18388520 Innovative treatment strategies for patients with rheumatoid arthritis. 2008 May PURPOSE OF REVIEW: The present review provides an update on novel treatment strategies striving for remission in patients with recent onset of rheumatoid arthritis. RECENT FINDINGS: As early treatment is crucial to achieve optimal results, identifying patients with rheumatoid arthritis early is imperative to achieve clinical remission.

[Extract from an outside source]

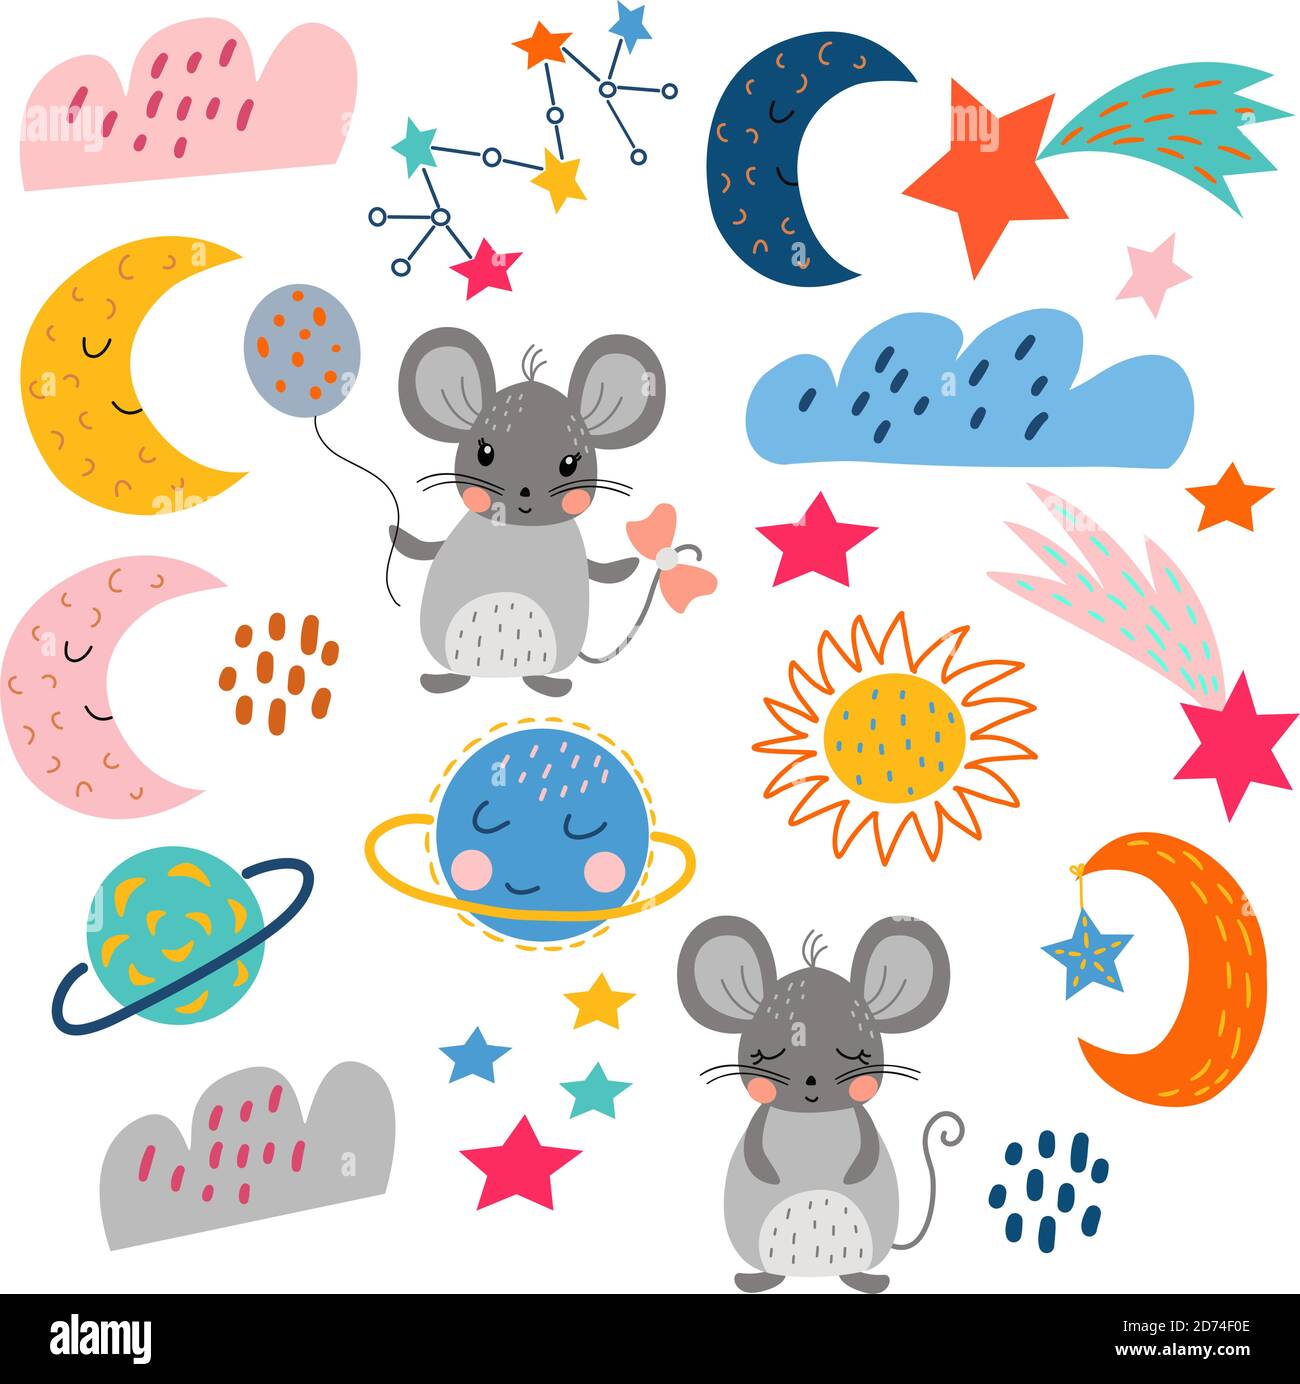 Set von niedlichen Cartoon-Elemente auf weißem Hintergrund, in Vektorgrafiken, schlafende Mäuse, Mond, Sterne, Wolken. Für die Gestaltung von Postern, Postkarten Stock Vektor

Patients with early arthritis who will progress to rheumatoid arthritis can be identified, and treating these patients can postpone the diagnosis of rheumatoid arthritis and retard the progression of structural damage. The best way to achieve remission is by adjusting treatments at regular intervals using predetermined response criteria. Specific treatments to rapidly induce remission include disease modifying antirheumatic drugs combinations, especially combined with glucocorticoids or tumor necrosis factor antagonists. The prediction of joint damage progression, or the response to specific drugs is not yet accurately possible. The early institution of tumor necrosis factor antagonists followed by discontinuation leads to sustained clinical benefit. SUMMARY: Early treatment of patients with rheumatoid arthritis with strategies aiming at remission results in the best outcomes. Until the prediction of a severe disease course and treatment response becomes possible, a promising strategy would be to rapidly induce remission using an effective combination of drugs followed by tapering and discontinuation. Tumor necrosis factor antagonists have proven to be highly effective in this approach.